▶ **REQUIREMENT**
Pictures stay out of the copy; output exactly the lines from the one containing "six dices isolated" through the end of the material.

▶ **DATASET CONTENT**
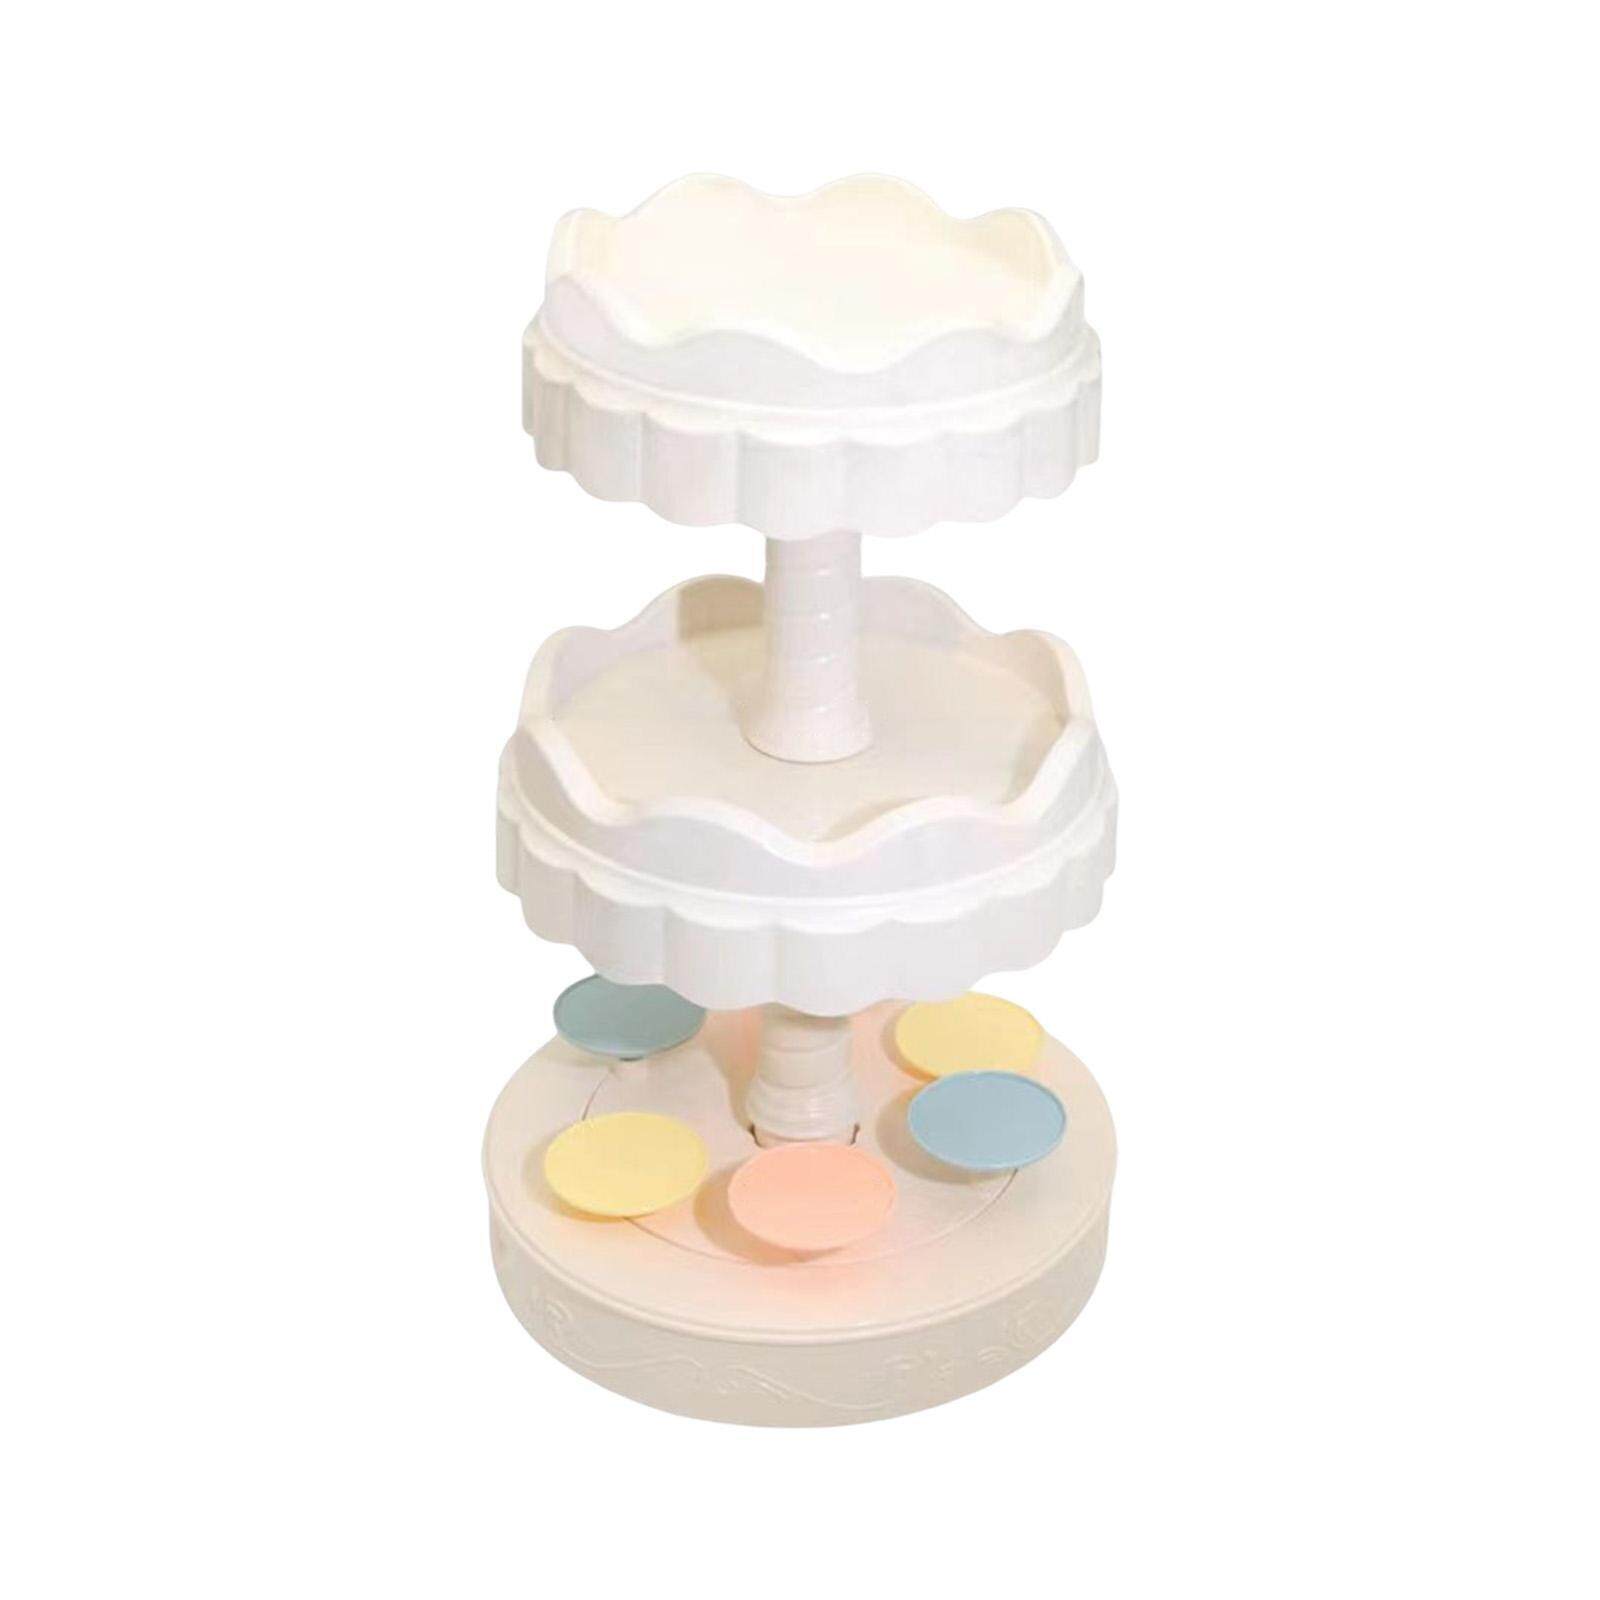 Turntable Cupcake Display Stand Pastries Dessert Cookie for Bakery  Ornaments Rotating Turntable Stand Home Ornaments Rotating Birthday 
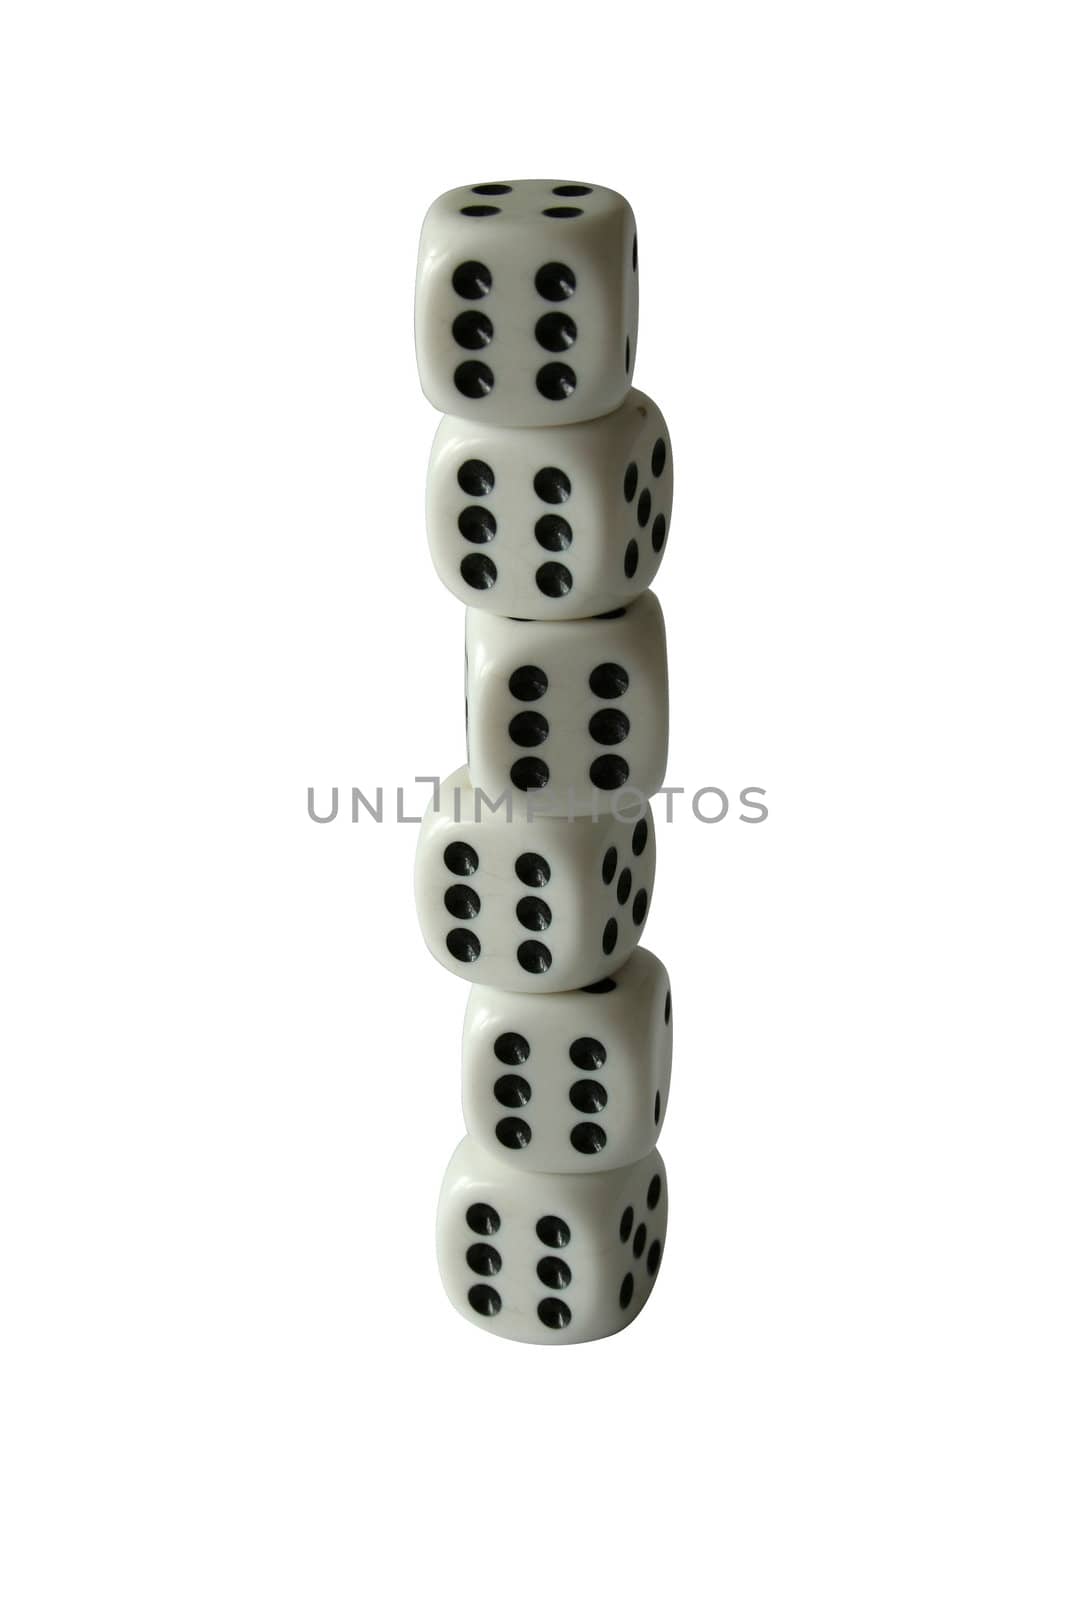 six dices isolated on white background with clipping path
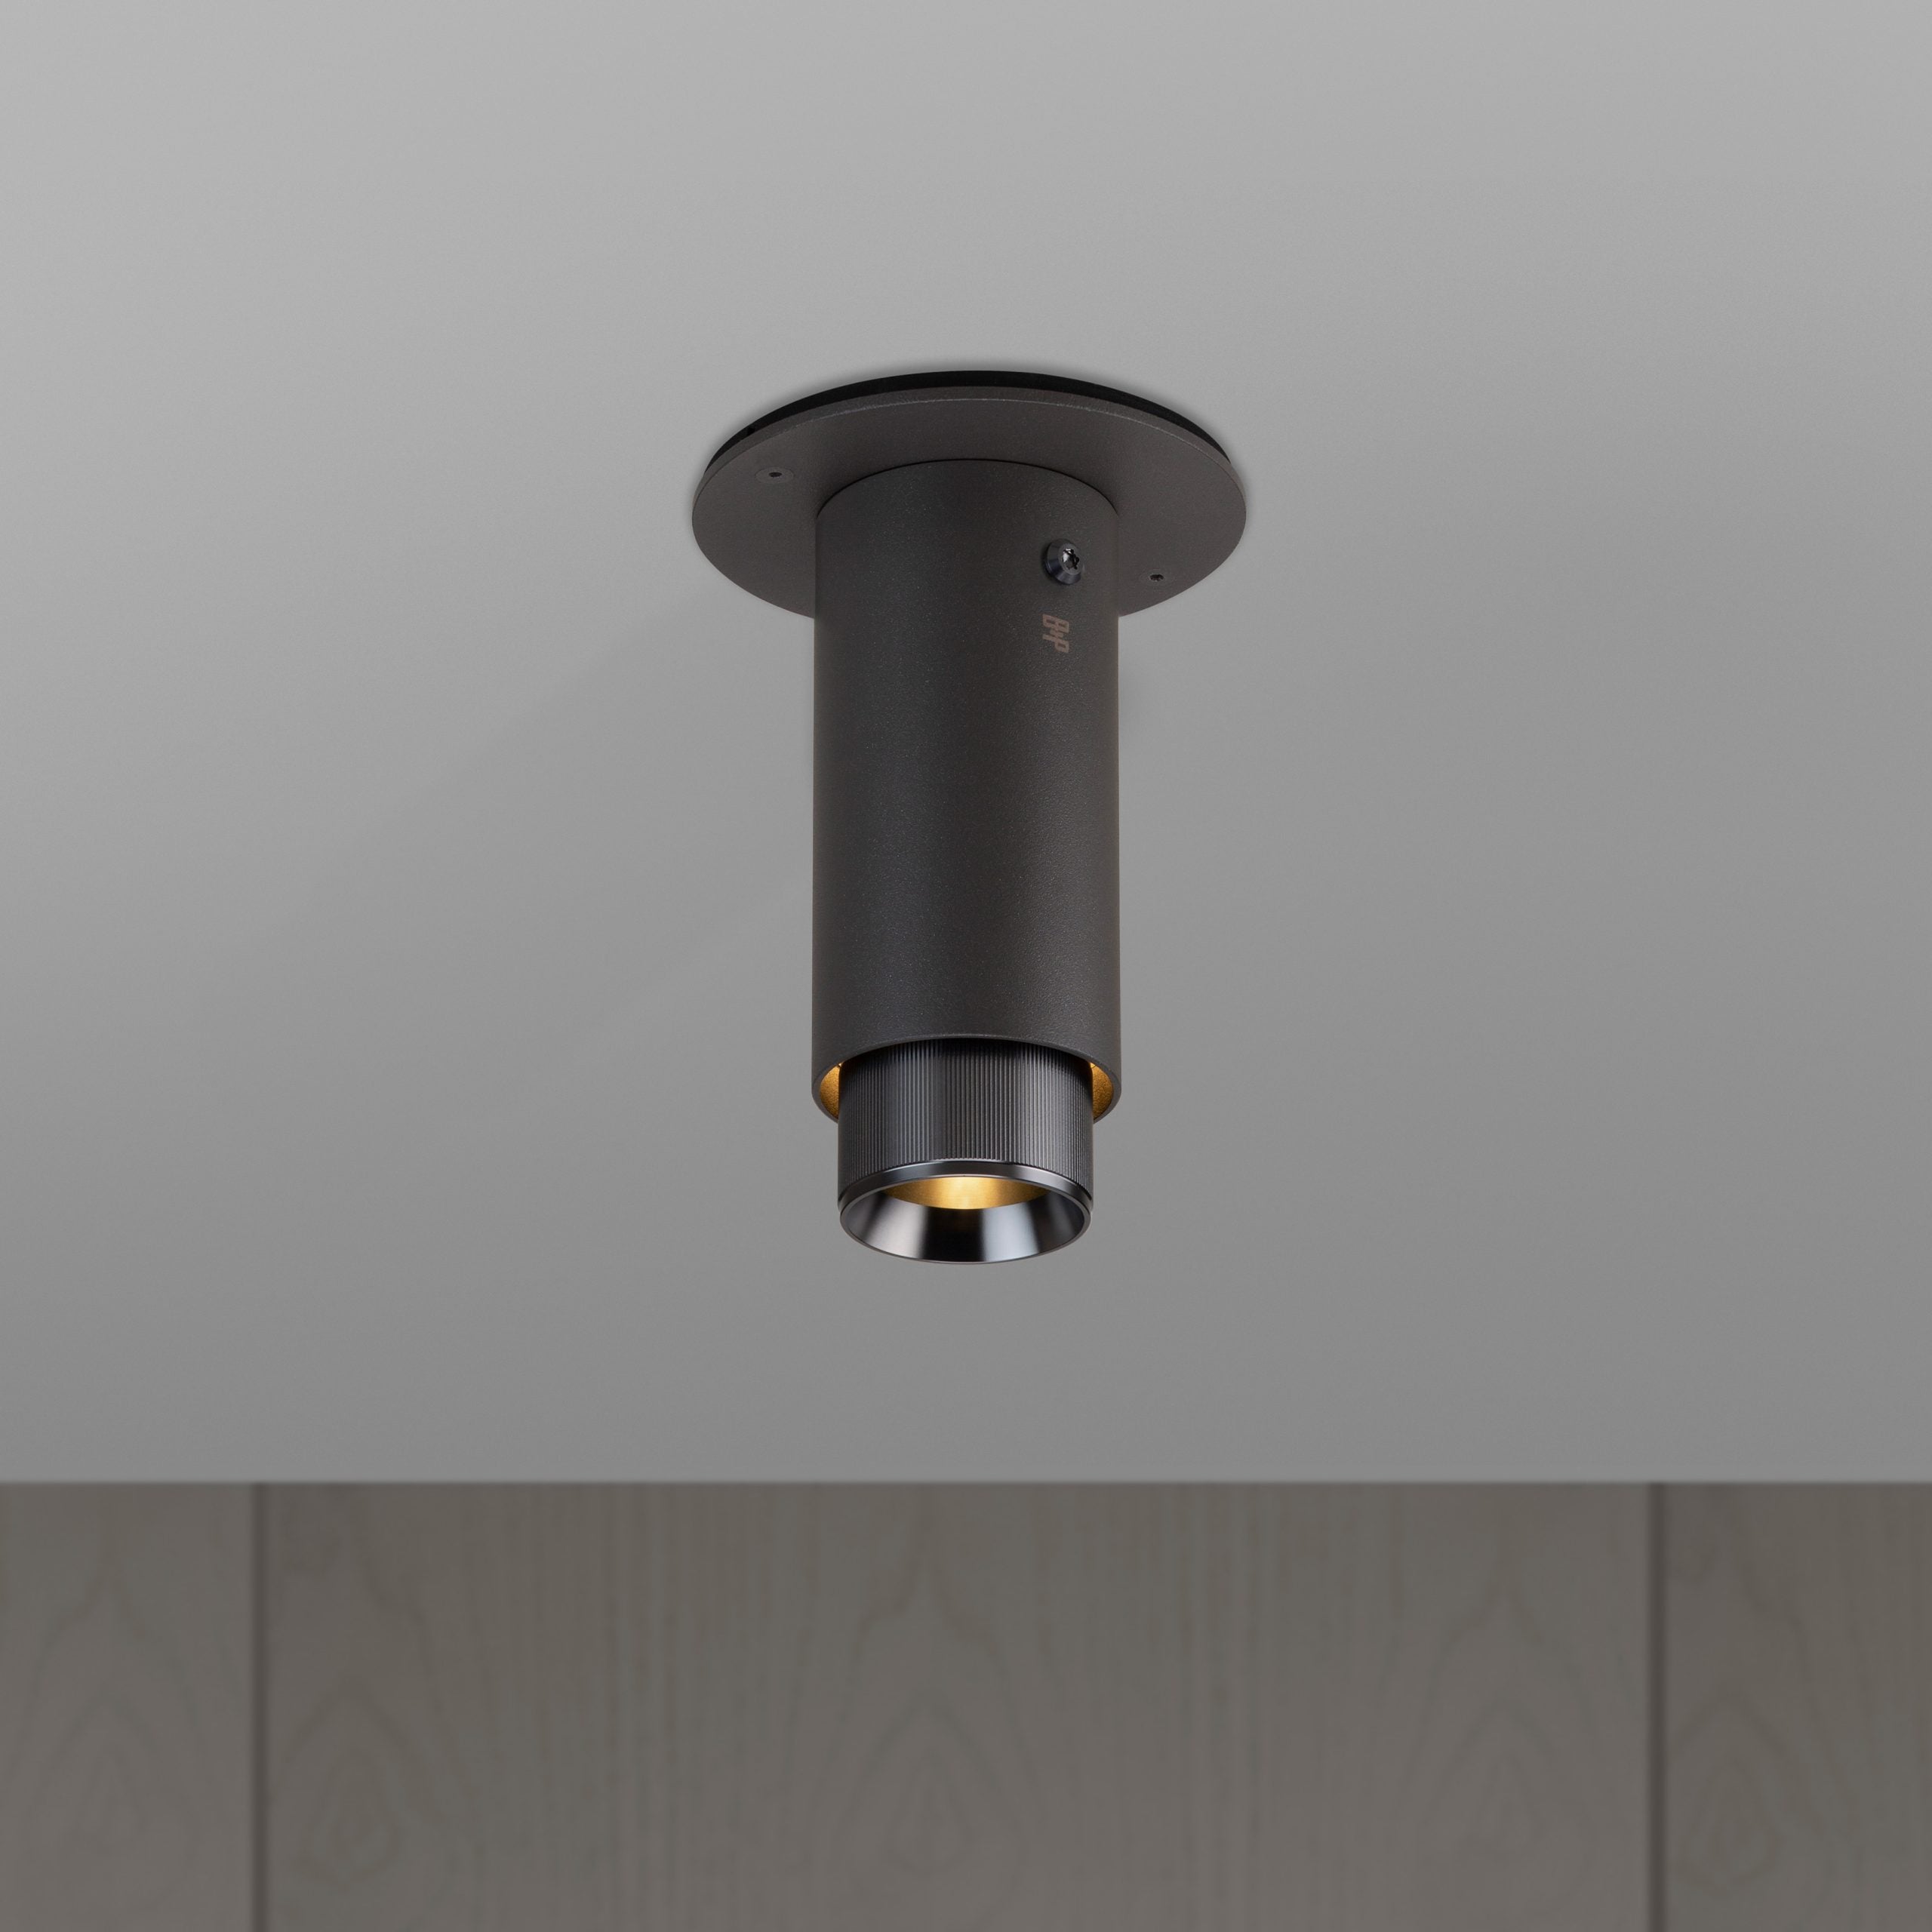 Buster + Punch Exhaust Surface Flush Mount Ceiling Light Buster + Punch Graphite & Gun Metal

▶ **OUTPUT OF THE TASK**
 six dices isolated on white background with clipping path
 Buster + Punch Exhaust Surface Flush Mount Ceiling Light Buster + Punch Graphite & Gun Metal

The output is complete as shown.